Crime & Safety

Operation Impact: More than Just a Program

The video and program of Operation Impact works to educate teen drivers about accidents and hopes to expand the message nationwide.

What does February 11, 2007 mean to you?

For some, it was a normal, cold winter day.

For others, everything changed.

Just after 2 a.m., a car crashed into an electric pole on Route 31 near Route 34 near downtown Oswego. Five Oswego High School students died.

The crash impacted the entire Oswego community – from family and friends of the victims and injured, to first responders to students in Oswego 308.

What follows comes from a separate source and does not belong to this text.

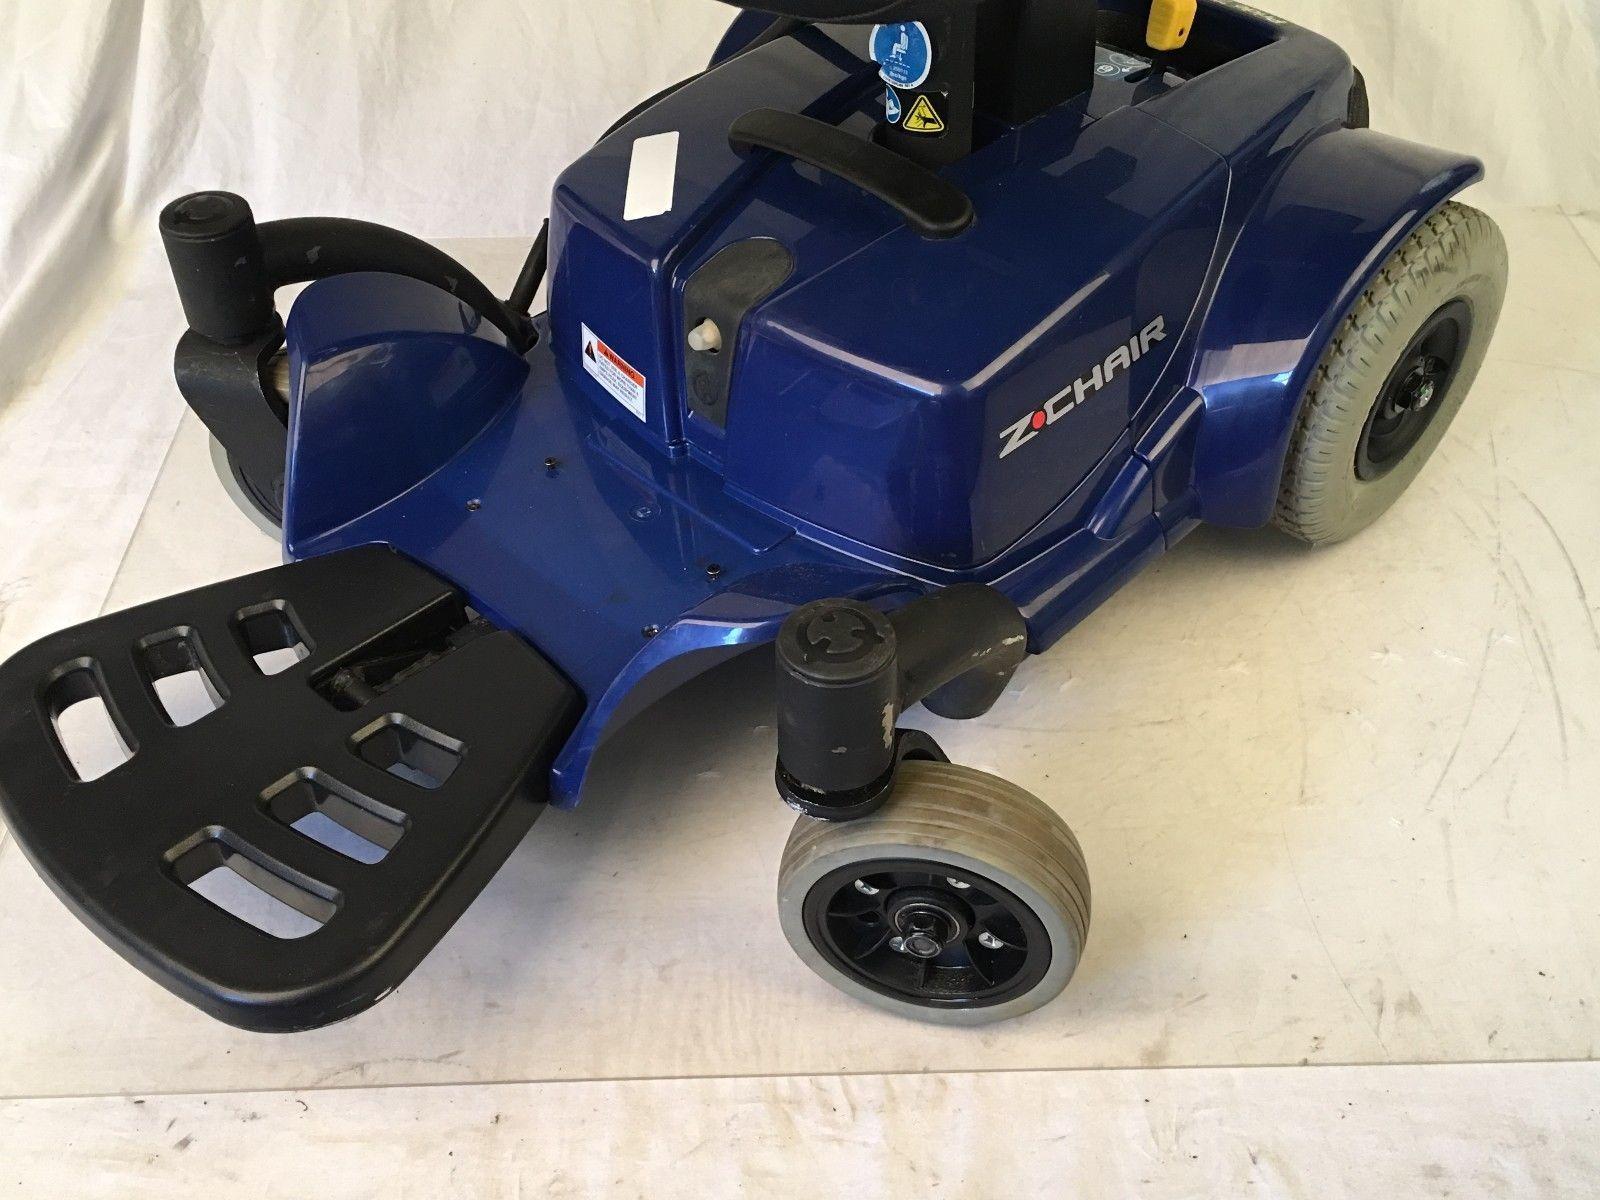 Pride ZChair Power Wheelchairs w/ Pg Drives 4 Key Joystick

Six months after the crash two Oswego Rotary Club members – Brian Caldwell of AutoSmart, Inc. and Jennifer Jones-Sinnott of Brian Feltes and Associates, wanted to do something to prevent a tragedy like that from ever occurring again.

Since 2008 Operation Impact has been running in the Oswego 308 high schools, teaching over 8,000 students in driver’s education programs, said Caldwell.

“We’ve seen the difference in a 21 percent reduction of teen driving accidents,” said Caldwell. “That’s a huge improvement in our community.”

Operation Impact has professionals from different fields – from police and fire first responders to agents from insurance companies to auto groups – talk to students about the realities of driving and what an accident can mean. 

But Operation Impact didn’t want to just stop at Oswego.

On May 20 the group, with assistance from the Oswego Police and Fire departments, shot a re-created scene of the accident, with firsthand accounts from Sergeant Dan Kipper, who was the first emergency responder on scene as well as Oswego’s Police Chief Dwight Baird.

Kipper was awarded the Paul Harris award, the highest honor a non-Rotarian can receive for his “Service Above Self,” and his dedication to Operation Impact.

The video, above, was shown to the Village of Oswego on June  3 and will be traveling much farther to make an impact elsewhere.

“We’ve had 12 communities ask to implement this,” said Caldwell. “Our goal is to implement this and carry out Operation Impact nationwide.”

“I look forward to seeing this have an impact in other communities,” said Kipper.
 
Those who would like to help support Operation Impact can visit the Rotary Club website for information.

Editor's Note: I would just like to say that I personally am very impressed and touched by Operation Impact. As a senior at OHS when this happened, the community came together in ways that I had never quite seen before. To my friend and teammate and to the other four students that lost their lives that February morning, I will never forget.